Vida privada. Vida profissional. No seu cargo atual — e antes, quando presidiu a Comissão para a Igualdade no Trabalho e no Emprego (CITE), ou quando foi conselheira municipal para a igualdade na câmara do Montijo, ou mesmo enquanto presidente das Mulheres Socialistas — Catarina Marcelino acumula histórias de mulheres de sucesso em que a criatividade de gestão entre os dois polos é o elo comum. “Aquela ideia das super-mulheres é uma coisa de que não gosto. Acho que não temos de ser super-mulheres, temos de ser pessoas normais que devem poder ser aquilo que querem ser. Claro que não é fácil gerir o dia-a-dia, mas as mulheres também se autocondicionam um bocadinho. Tenho encontrado mulheres nos conselhos de administração que fizeram as vidas delas com filhos e estão ali, chegaram ali, porque nunca se autolimitaram, nunca admitiram escolher um ou outro lado, a carreira ou os filhos”, aponta a secretária de Estado.
ATÉ ÀS 9H, CATARINA É SÓ DO JOÃO
Catarina Marcelino, 46 anos, inclui-se nesse rol de mulheres. Sem limites autoimpostos. Quando o ministro adjunto Eduardo Cabrita a convidou para o cargo aceitou imediatamente, mas com um pedido. Não ter marcações antes das dez da manhã. “Fazer a rotina da manhã com o João, que tem cinco anos, é importante para mim.
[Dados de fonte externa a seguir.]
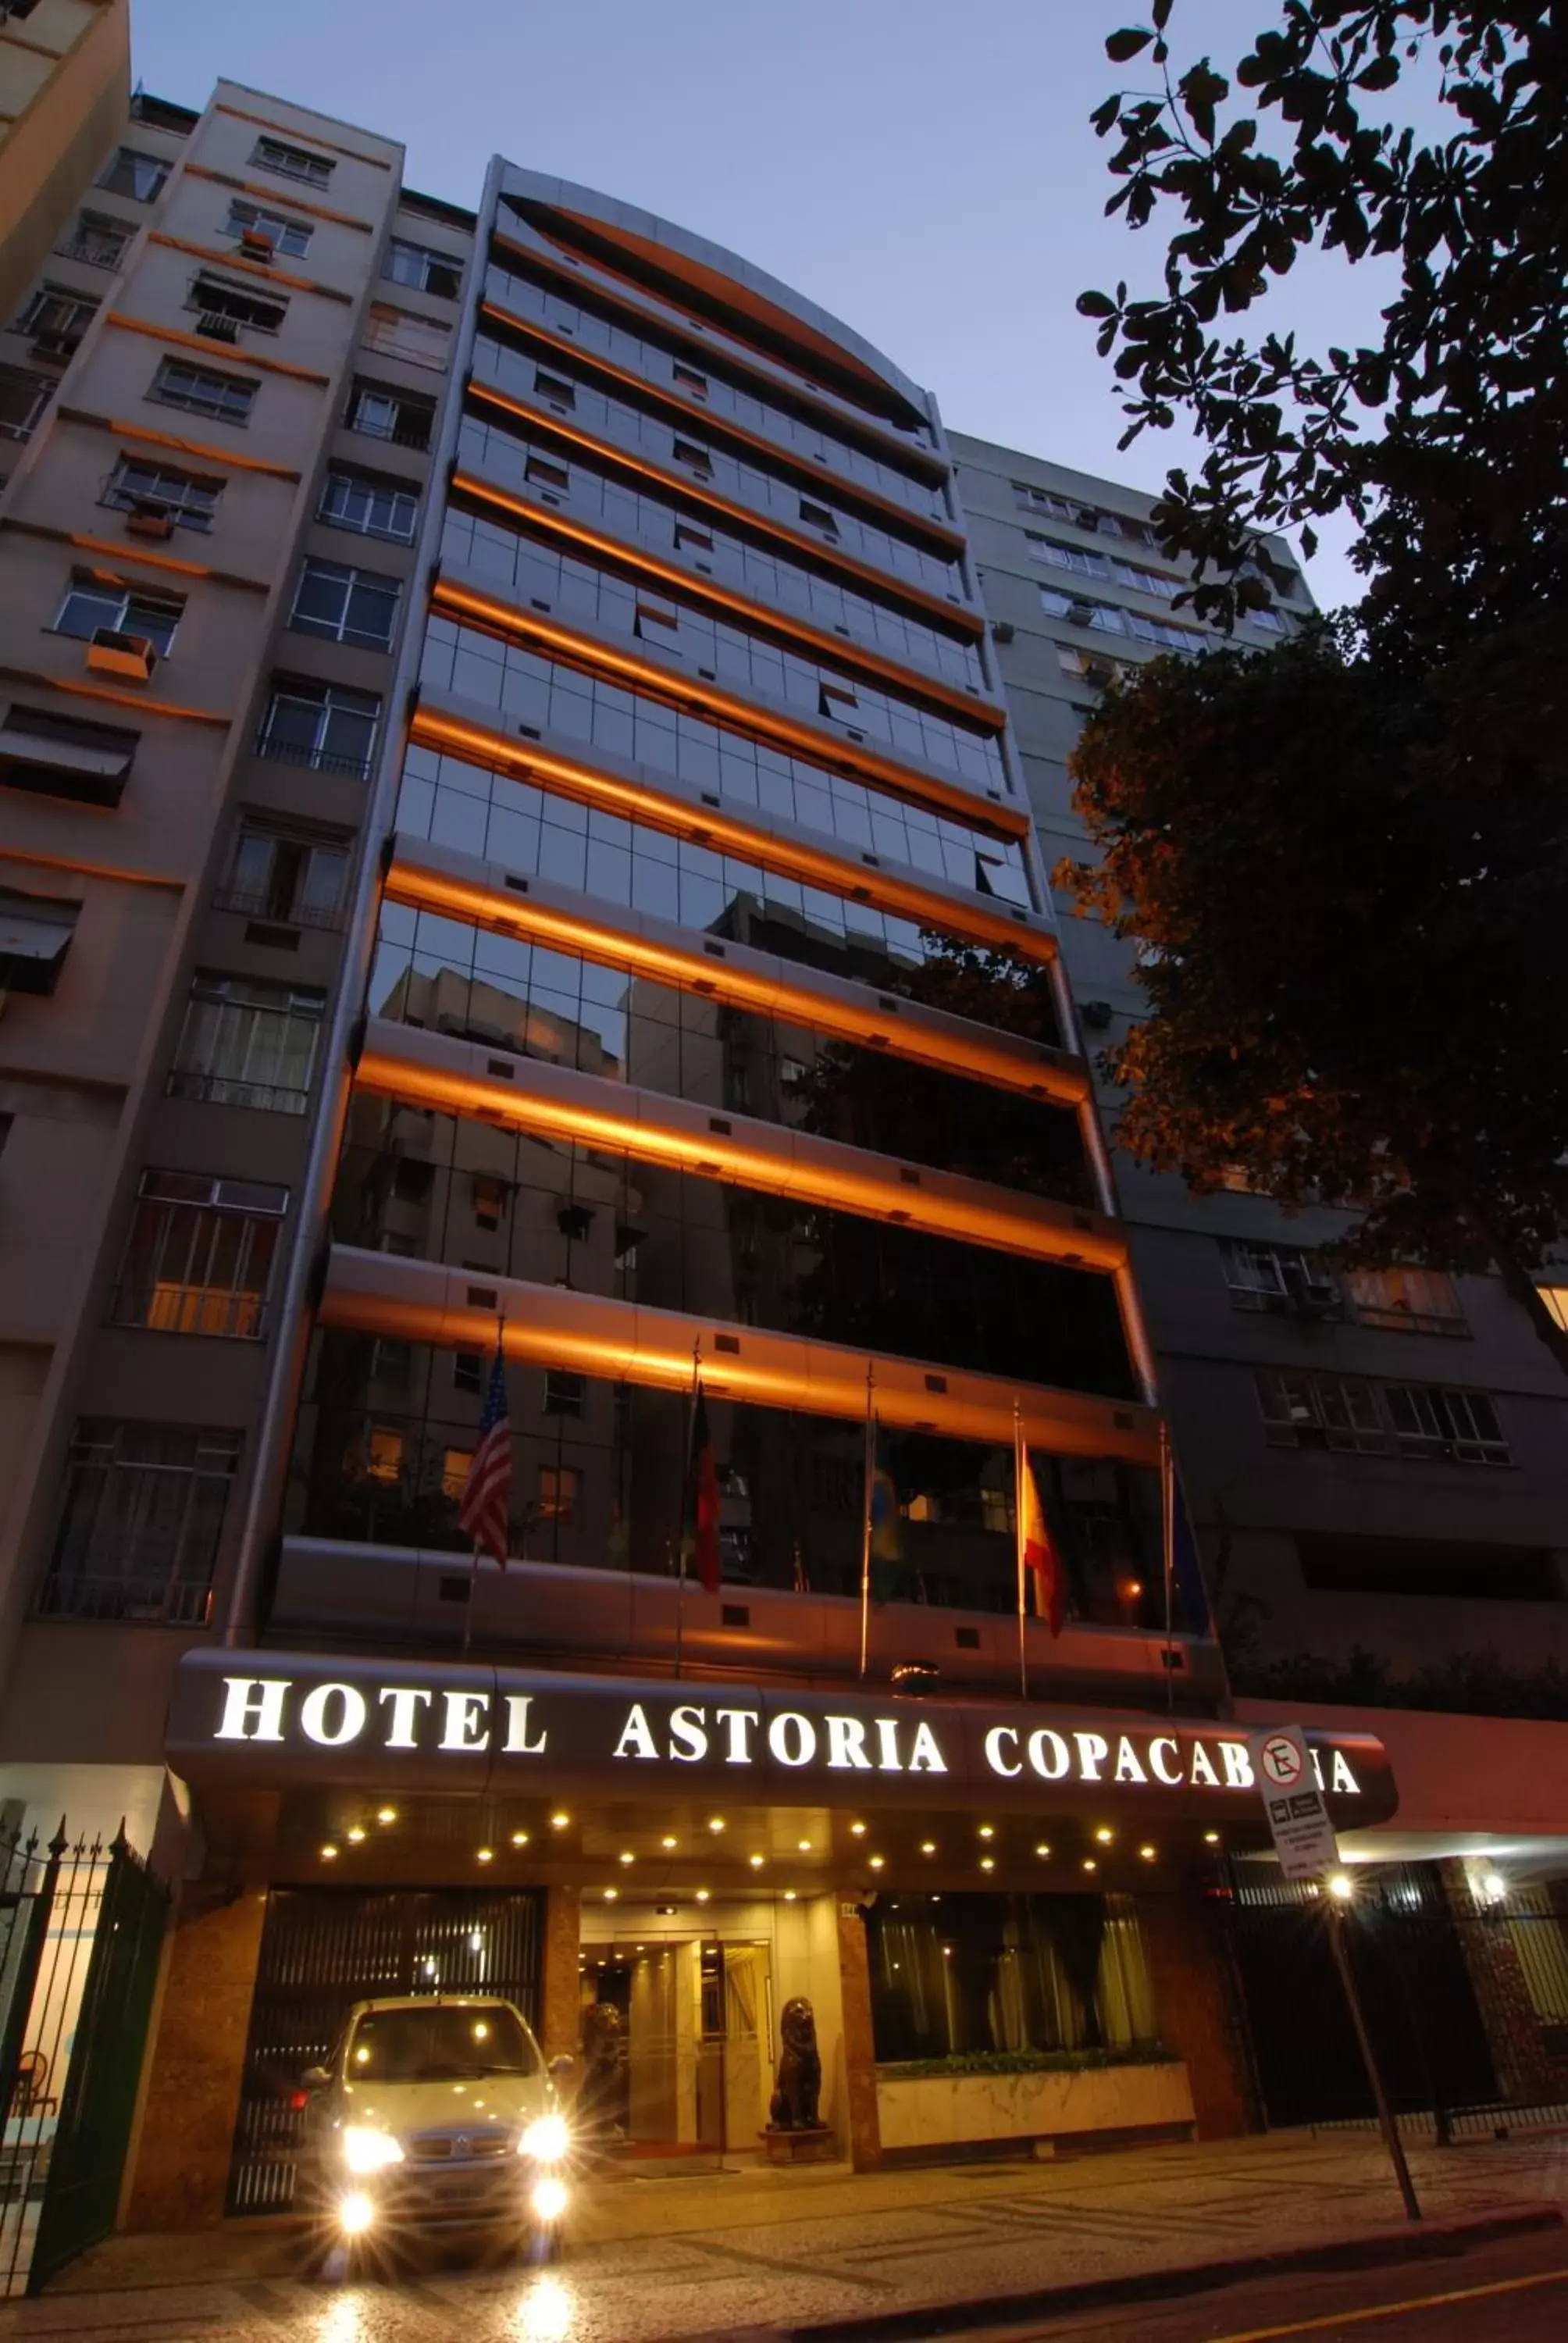 Facade/entrance in Hotel Astoria Copacabana
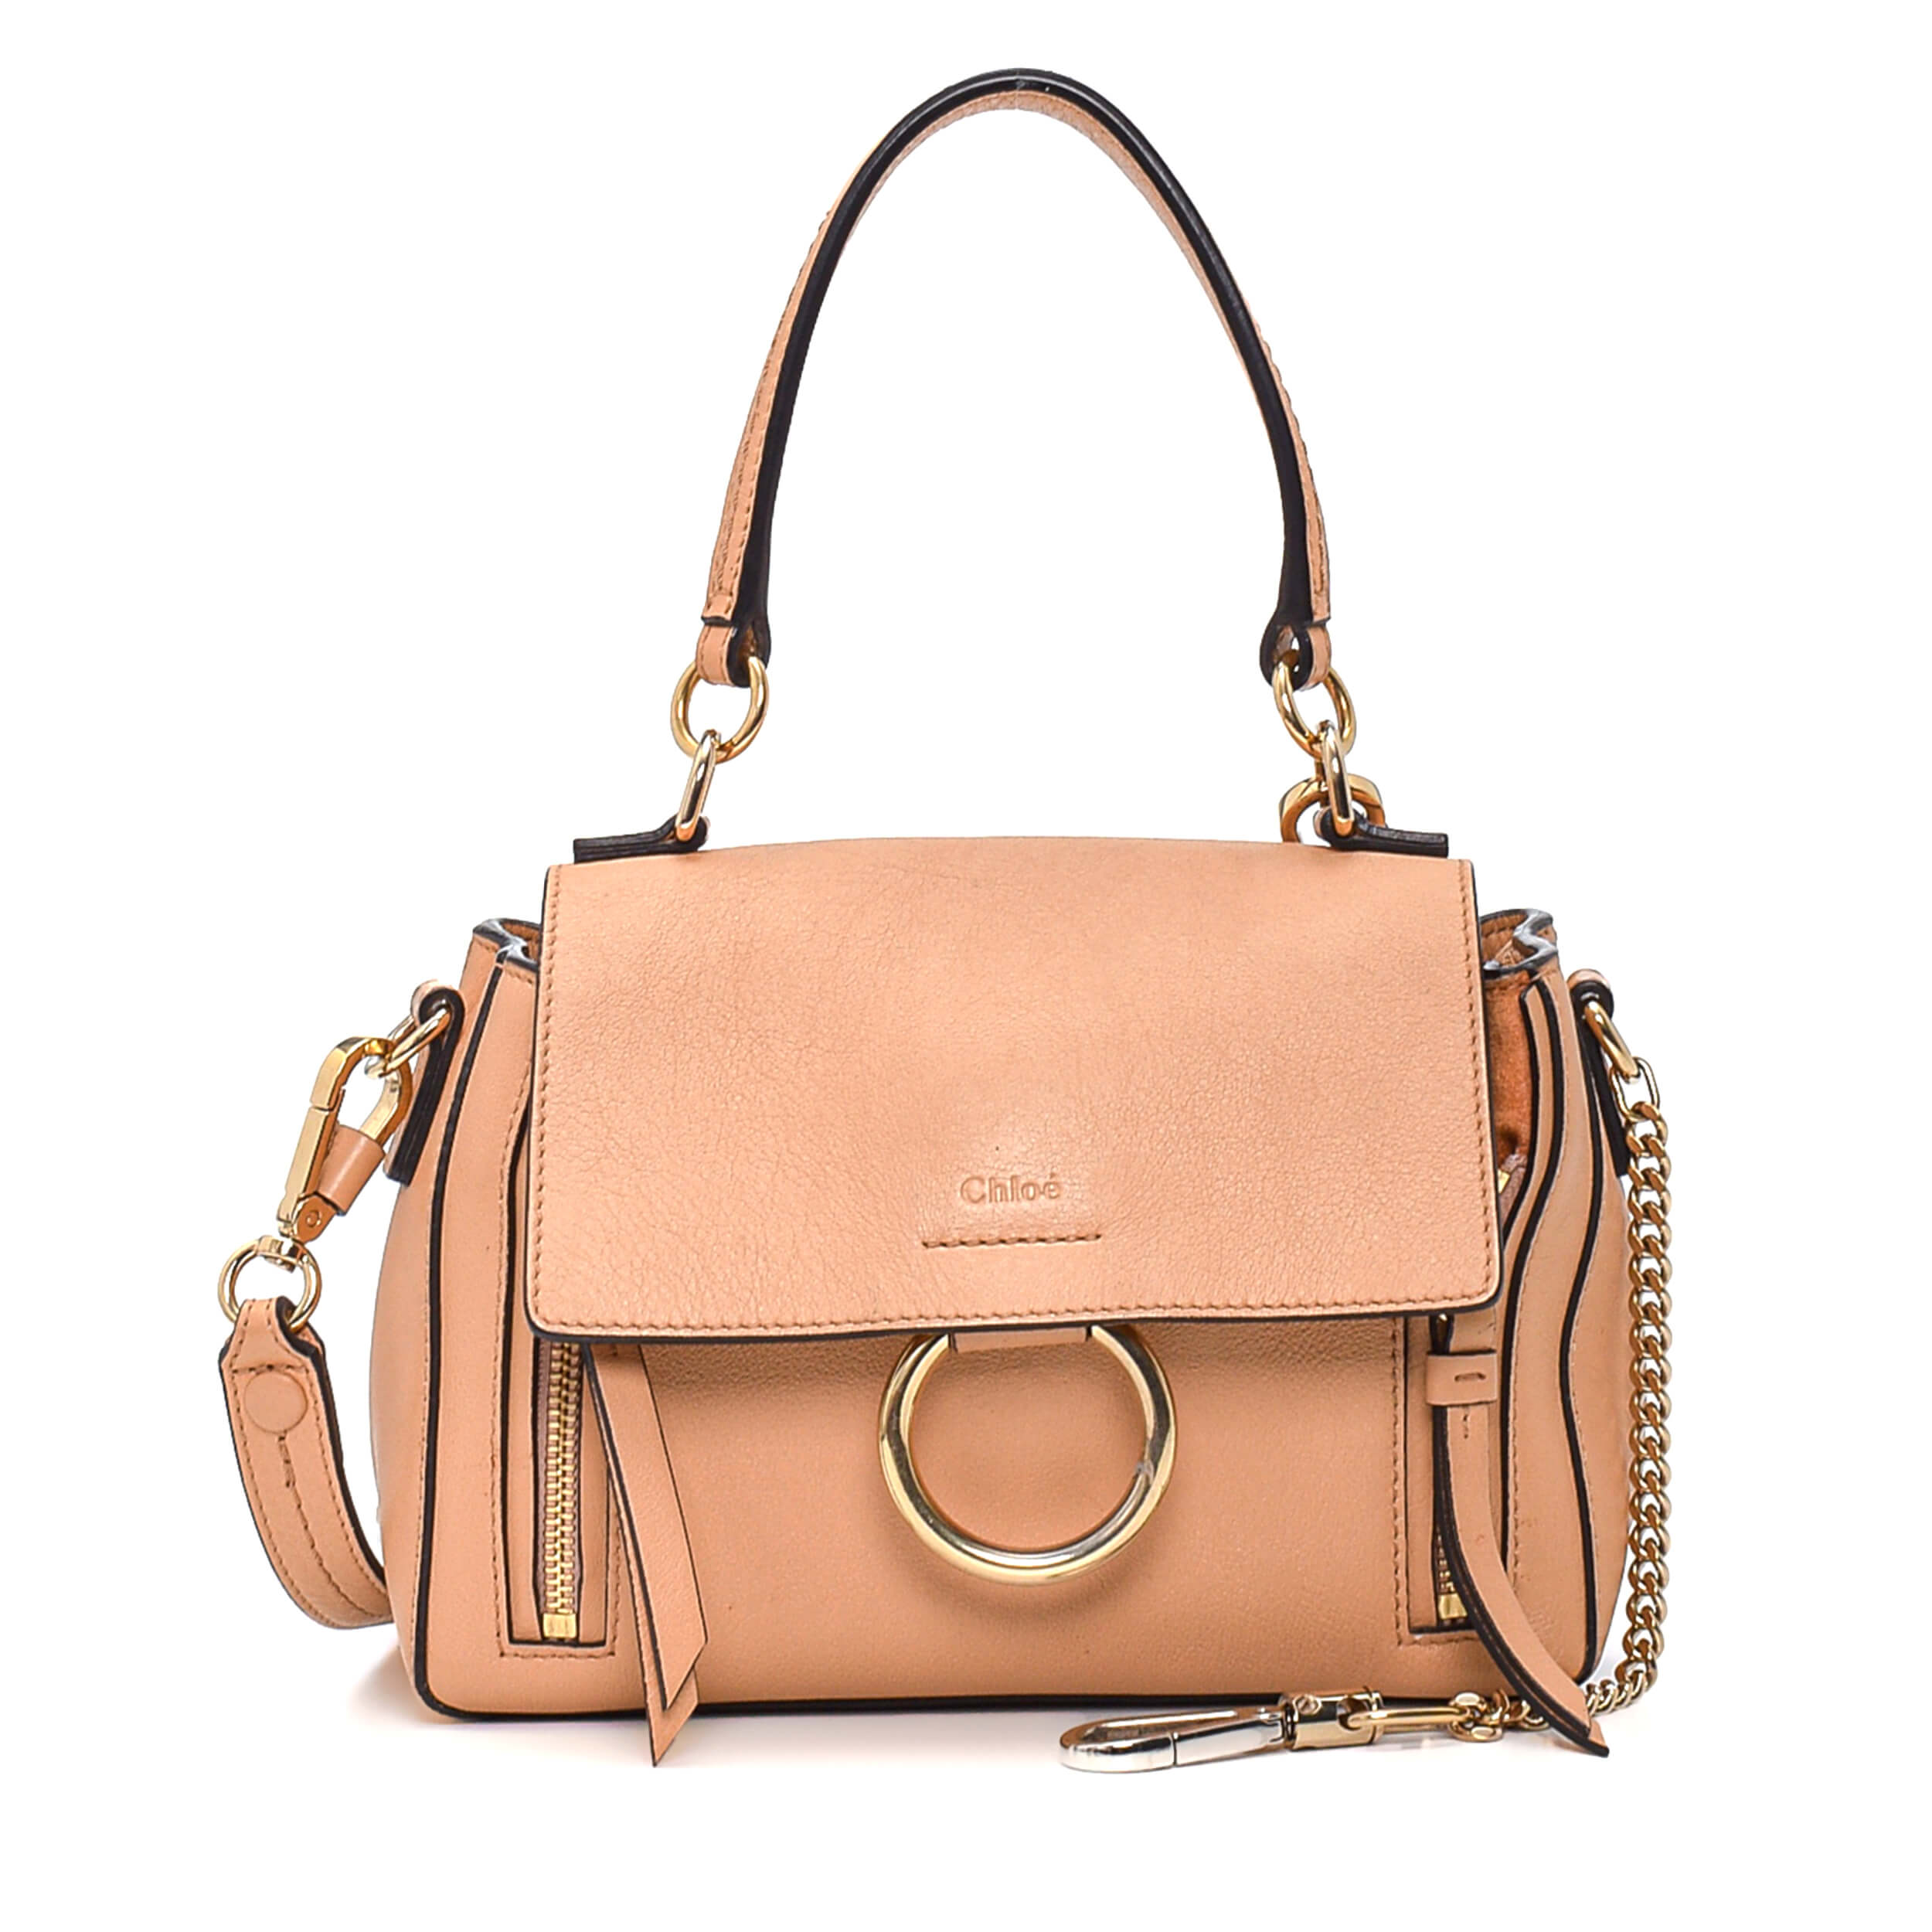 Chloe - Beige Leather Faye Small Bag

E é perfeitamente conciliável. Sou eu que o acordo, que lhe dou o pequeno-almoço, que o visto, que o levo à escola no meu carro. As crianças precisam de rotinas e nós precisamos de organizar as nossas vidas em função de tudo o que temos de gerir”, explica.
Ao fim do dia — “impus-me essa regra” — esforça-se para chegar a casa antes das 21h, com João ainda acordado. Nem sempre consegue. Na passada sexta-feira, dia 17, conseguiu. Foi às 14h ao Porto encerrar o V Congresso de Saúde Pública. Quando no regresso esperava pelo avião para Lisboa, às 19h30, ligou para a churrasqueira ao pé de casa a encomendar o jantar. Aterrou às 20h30 e às 21h estava em casa e com frango para o jantar.
“Não podemos criar dificuldades mentais ao que é a normalidade num dado momento”, explica sentada num banco de jardim junto a casa, pouco depois das nove da manhã do passado domingo, no Montijo. Catarina Marcelino é de lá. O dia e a hora da entrevista foram negociados com a família. A data estava reservada para uma viagem até à Serra da Estrela. Deram-lhe uma hora, e ela cumpriu. Quando se despediu já a esperavam dentro do carro.